**Problem details:**
All of the listing, from first line to last, should be output exactly; the pictures stay out.

**Information provided:**

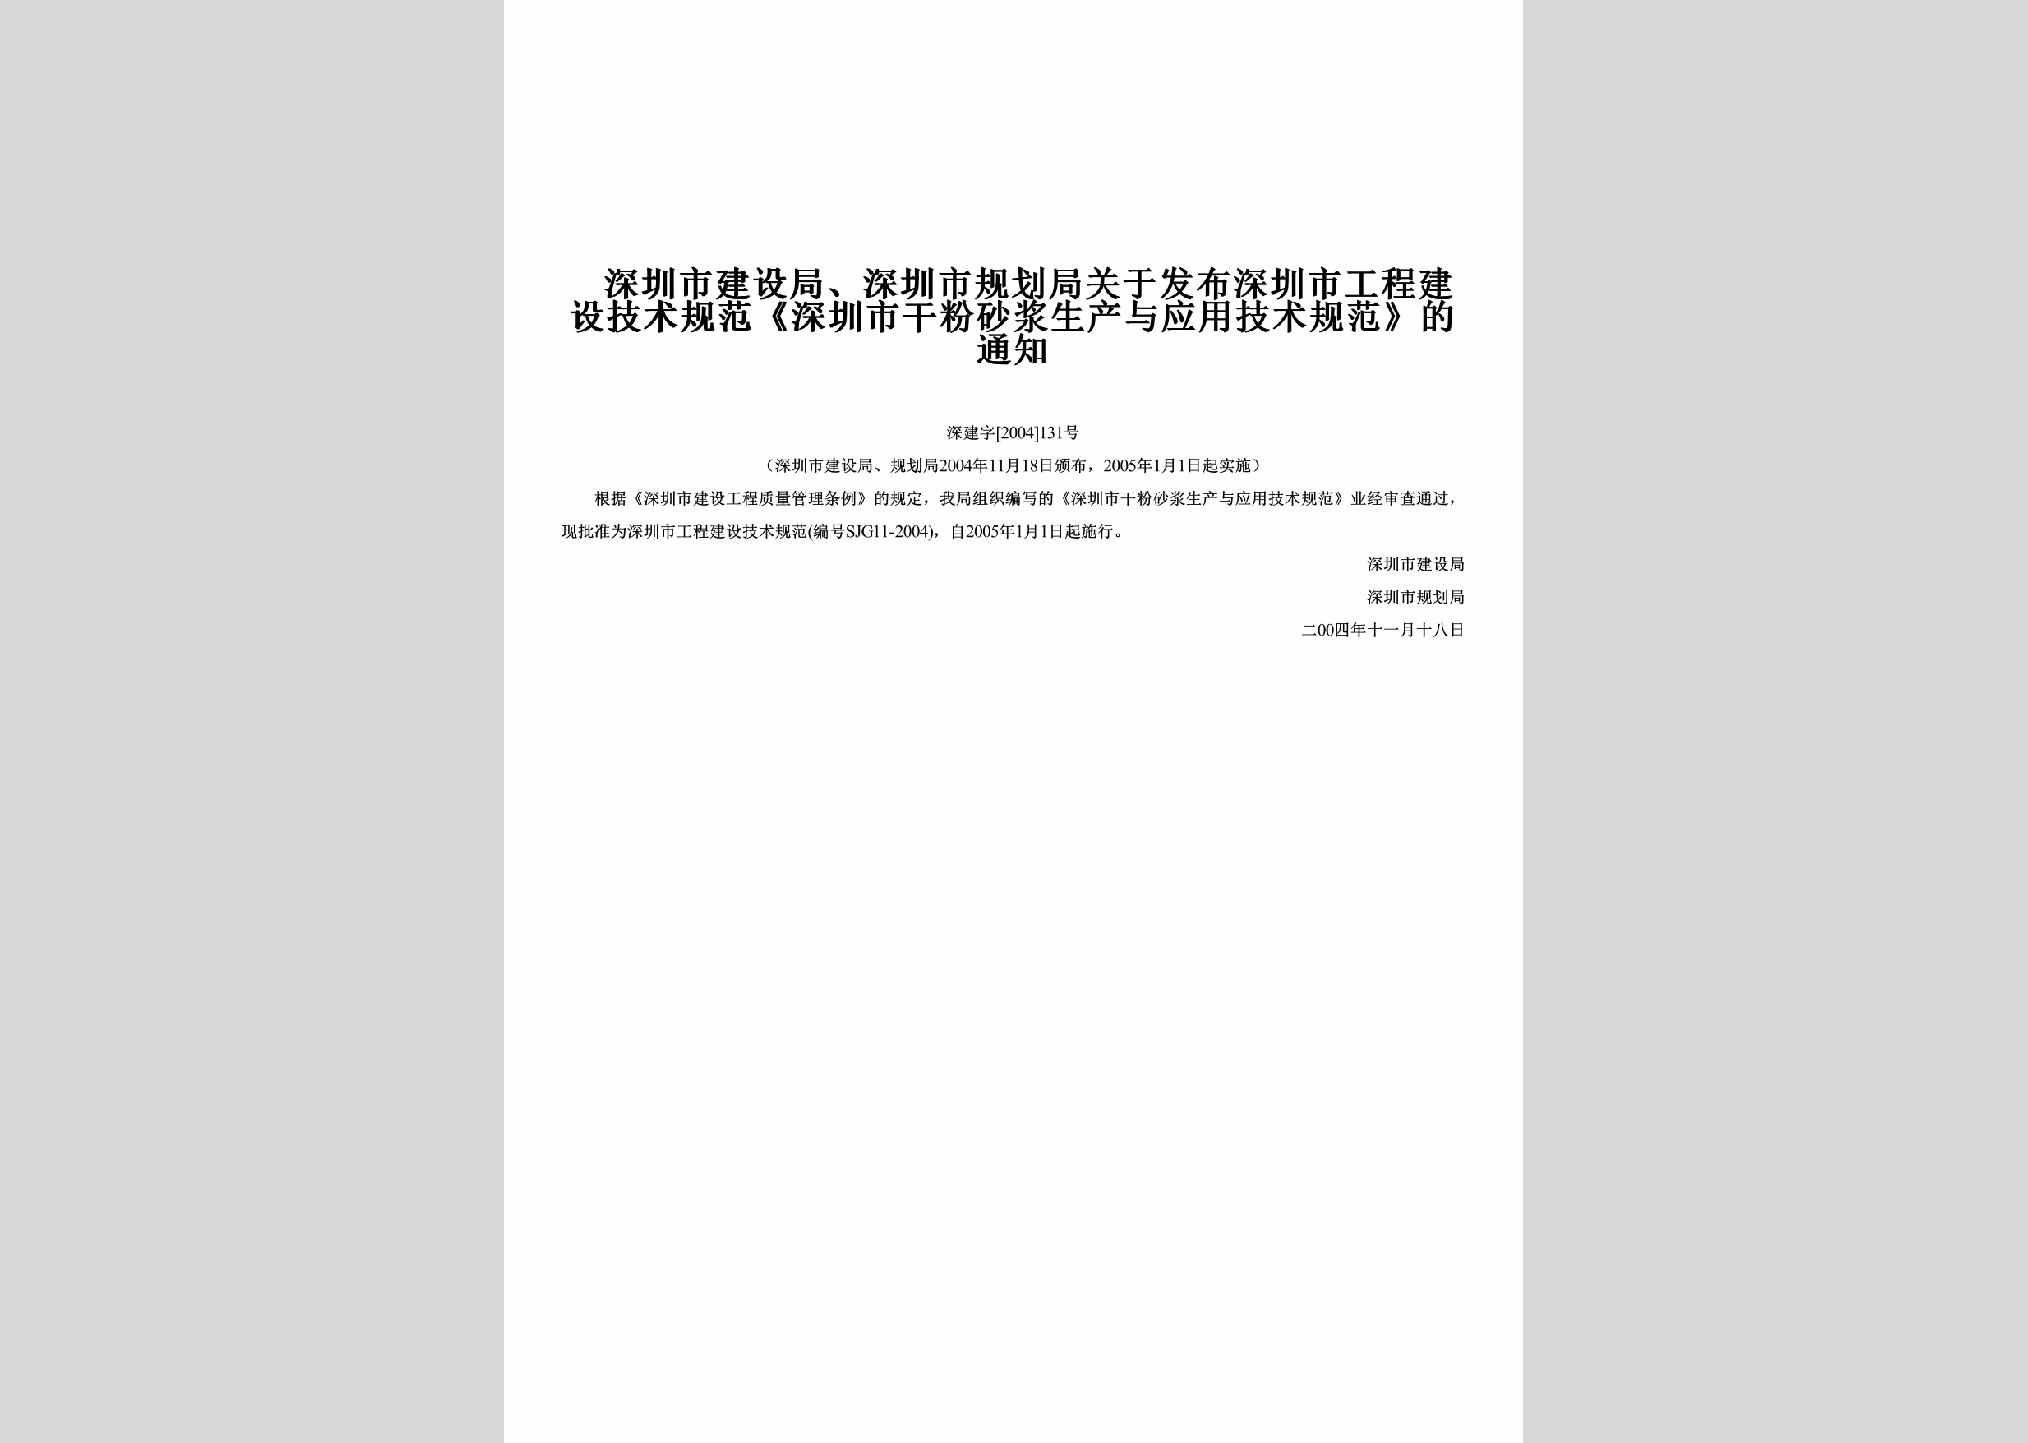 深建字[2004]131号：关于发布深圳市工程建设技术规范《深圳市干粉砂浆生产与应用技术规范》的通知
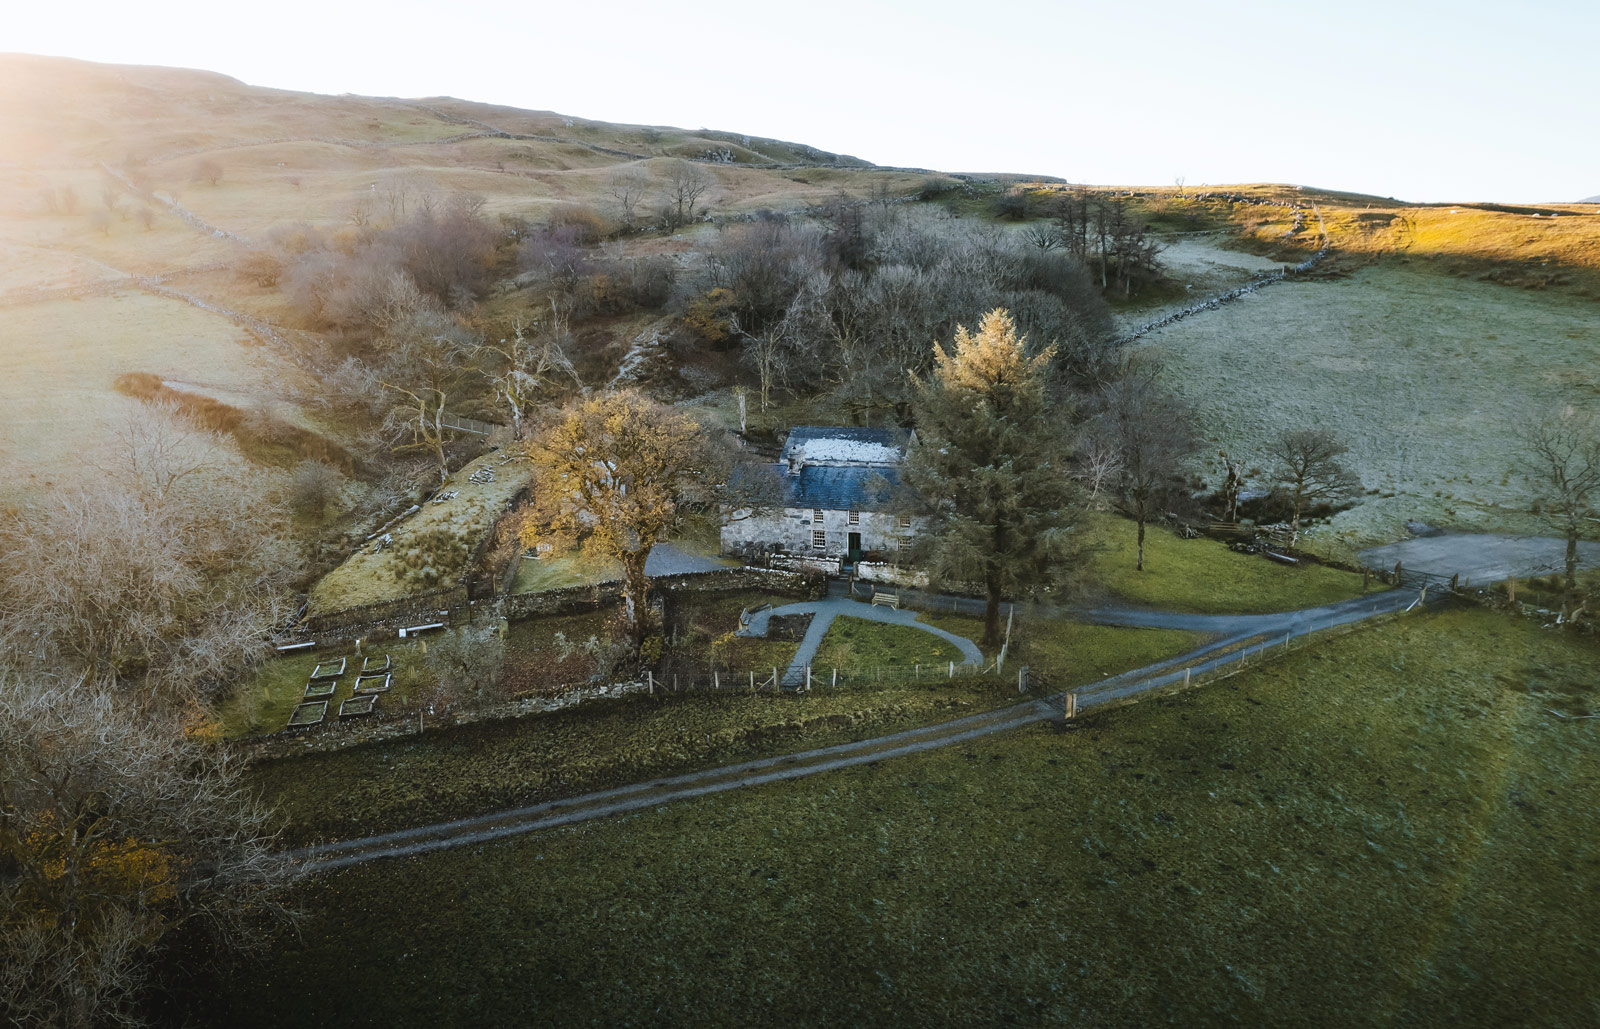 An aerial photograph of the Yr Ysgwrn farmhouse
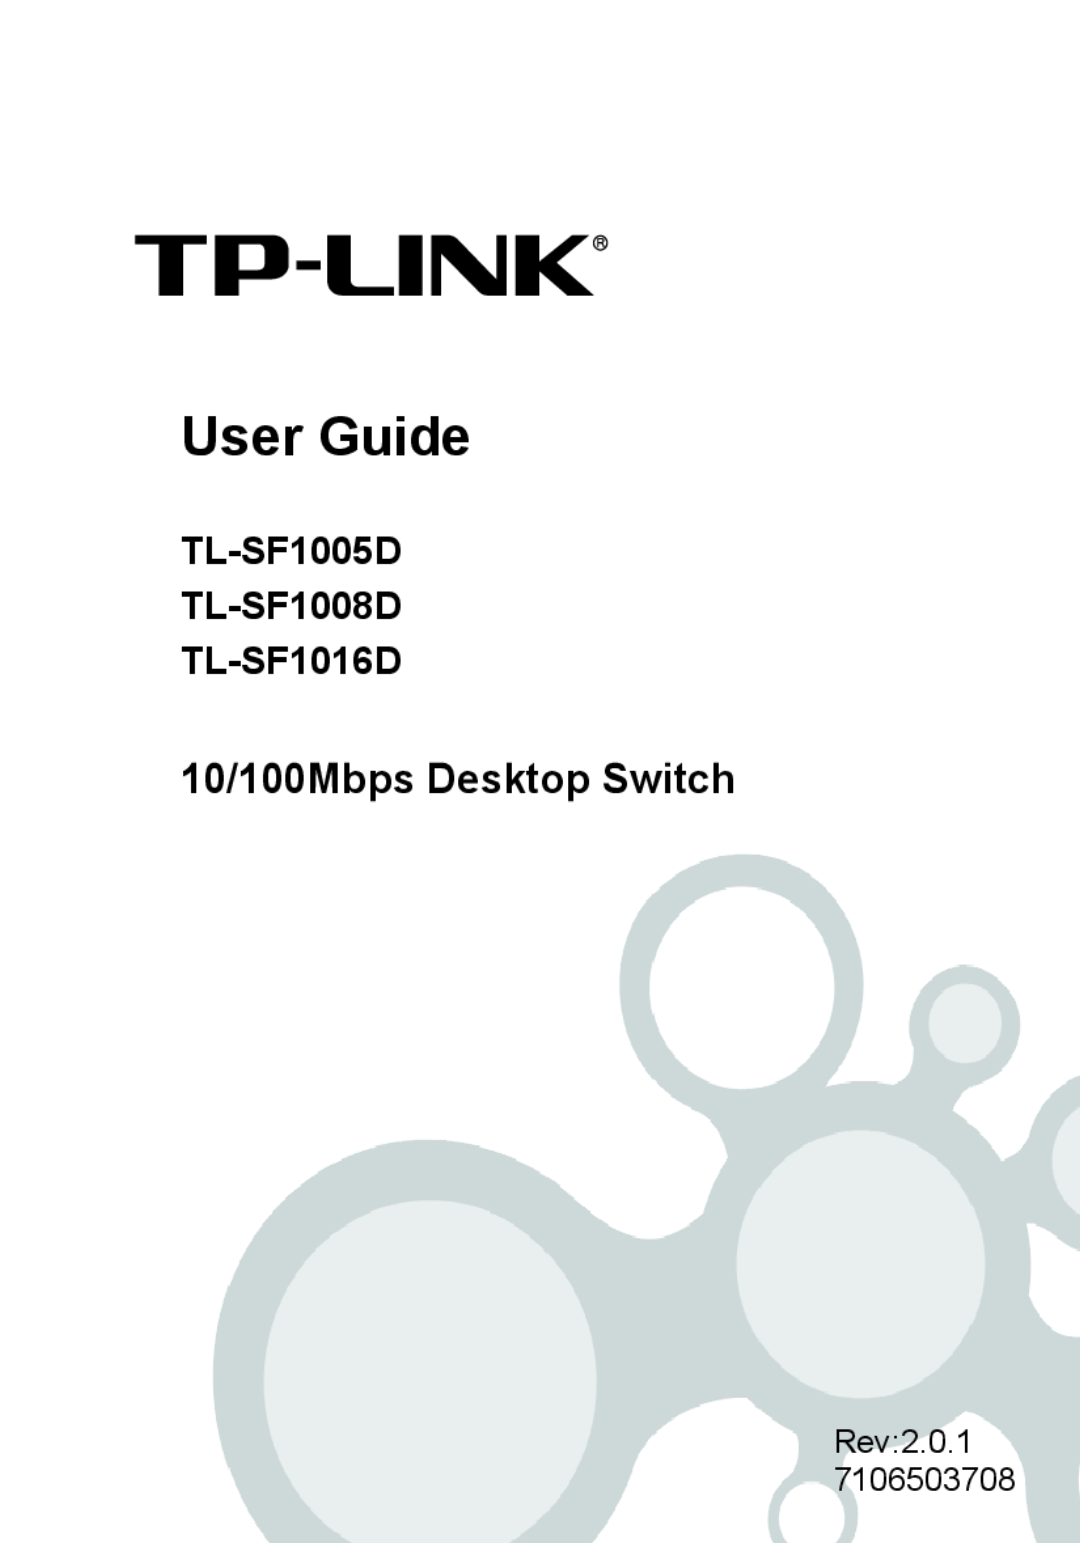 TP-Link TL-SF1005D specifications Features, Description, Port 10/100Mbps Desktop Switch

**Task result:**
 深建字[2004]131号：关于发布深圳市工程建设技术规范《深圳市干粉砂浆生产与应用技术规范》的通知
 An aerial photograph of the Yr Ysgwrn farmhouse
 TP-Link TL-SF1005D specifications Features, Description, Port 10/100Mbps Desktop Switch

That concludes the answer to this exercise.